We could observe a remarkable difference in GFP expression efficiency

Mean OD600 absorbance measured over 20h. Background absorbance (LB) subtracted from the samples. Values reported in the log scale with error bars for standard deviation (7 replicates for each sample).

Mean of green fluorescence for BBa_I20260, BBa_K1403000 and NEB turbo cells. Background fluorescence (LB) subtracted from the samples. Values reported in the log scale with error bars for standard deviation (7 replicates).

Mean of green fluorescence divided by optical density 600 for BBa_I20260 and BBa_K1403000 and NEB turbo cells. Background fluorescence (LB) subtracted from the samples. Values reported in the log scale with error bars for standard deviation (7 replicates)

UNIQ517e4d55648b500f-partinfo-00000005-QINU

Conlusions

In the OD600 vs. time graphs we can see that the growth rate of BBa_I20260 and BBa_K1403000 are comparabe. The BBa_K1403000 shows better efficiency of GFP expression. It is an expected result at it is placed in a high copy pSB1C3 plasmid, while BBa_I20260 is placed in a low copy plasmid pSB1K3.

We can also read the general GFP expression efficiency under J23101 Anderson's constitutive promoter when comparing with the NEB turbo control without any fluorescent vector (expression only natural cell fluorescence)

Protocol

We followed iGEM Distribution Kit instructions to extract DNA from the Biobrick BBa_K823005 and BBa_E0240 and then [http://2014.igem.org/Team:Paris_Bettencourt/Protocols#prot1# Heat Shock transformation of E.coli]. For successful Chloramphenicol plates, form single colonies we prepared liquid cultures overnight.

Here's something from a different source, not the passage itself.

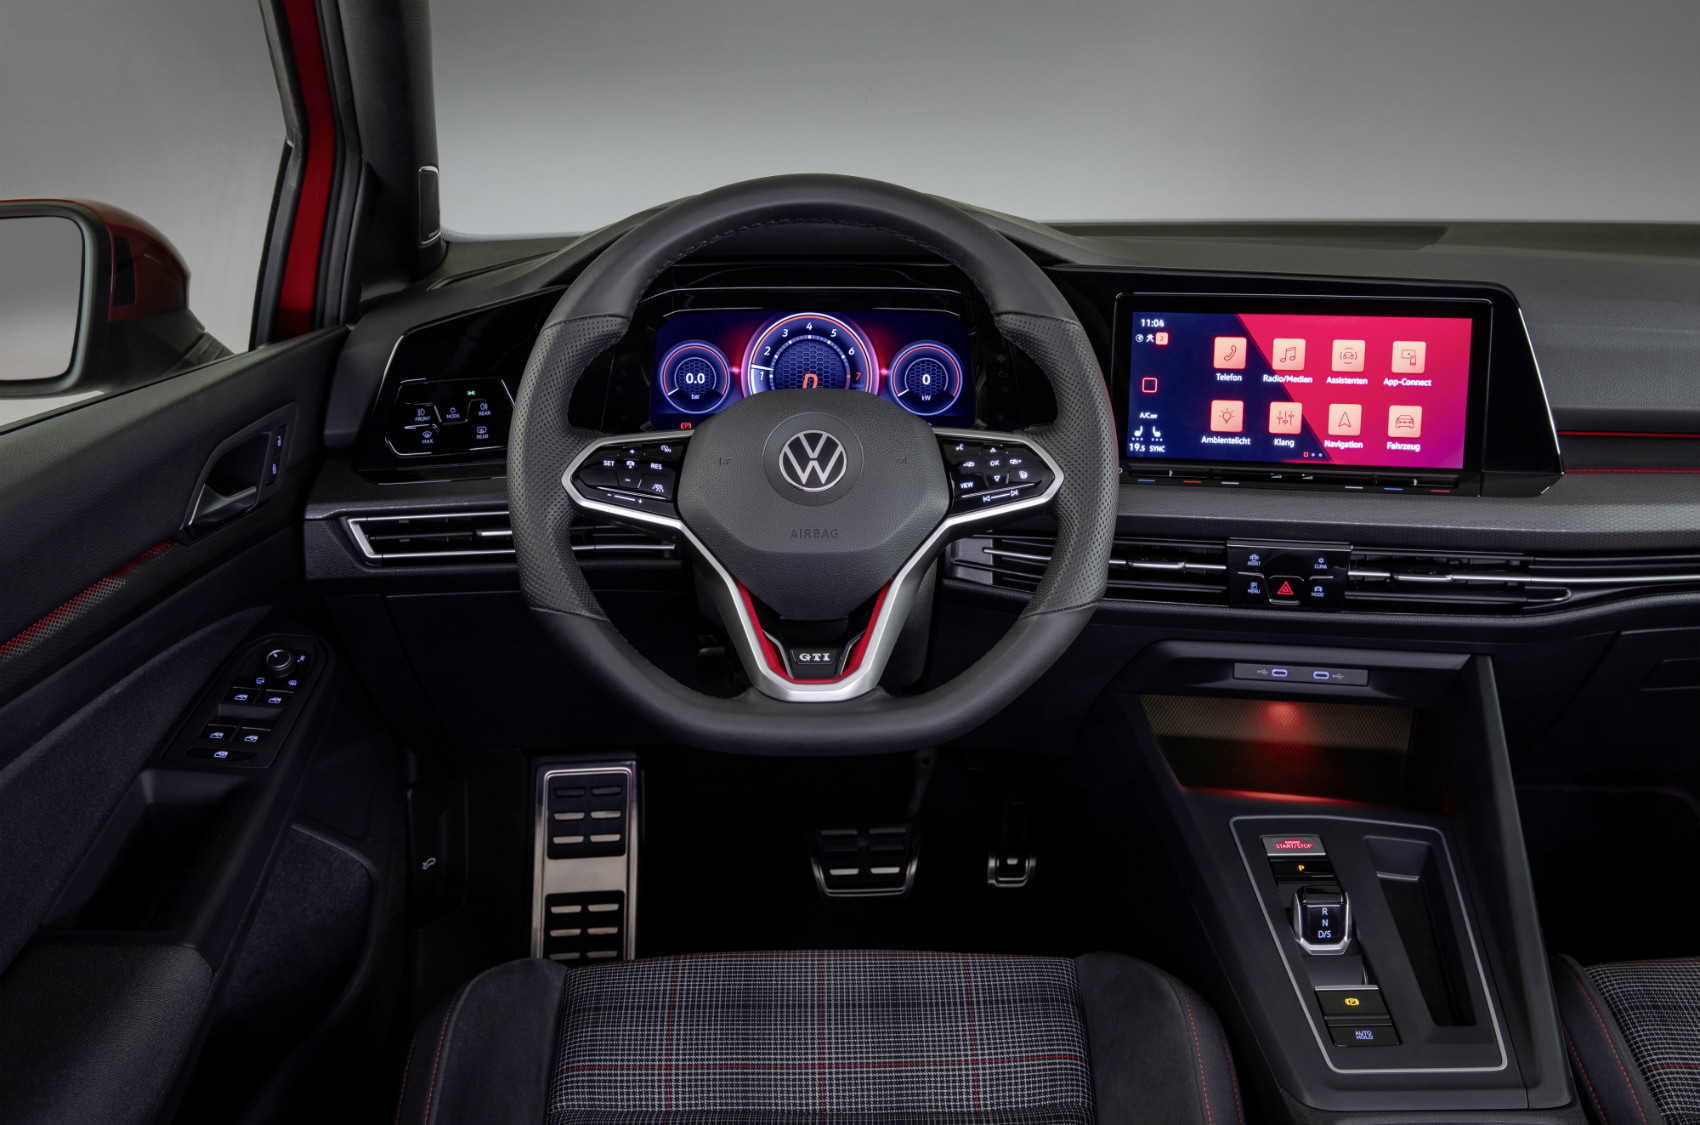 Reformulado igualmente no interior, o Voklswagen Golf GTI aposta em linhas simples e na (quase) ausência de comandos físicos, preferindo a digitalização

We used 750uL of the liquid cultures for a [http://2014.igem.org/Team:Paris_Bettencourt/Protocols#prot8# glycerol stock] . We used remaining 4,25 mL to make [http://2014.igem.org/Team:Paris_Bettencourt/Protocols#prot4# minipreps]. We measured DNA content with the nanodrop.

Digestion analysis:
- 5 ug plasmid
- 5 ul FD Buffer
- 2.5 uL SpeI + 2.5 uL PstI (BBa_K823005) / 2.5 uL XbeI + 2.5 uL PstI (BBa_E0240)
- complete with H2O
(Final volume of 50 uL)

We made an eletrophoresis gel to check the fragments (the bands at around 876 bp for GFP and 2100 bp for the promoter + backbone) and then extract BBa_E0240 with Gel extraction kit. For the plasmid with the promoter we used a [http://2014.igem.org/Team:Paris_Bettencourt/Protocols#prot5# PCR purification kit]. We introduced the GFP fragment to the promoter + backbone through ligation of the sticky ends SpeI and XbeI. Quantified DNA in two parts with nanodrop. The amount of vector: insert has been calculated with Promega calculator.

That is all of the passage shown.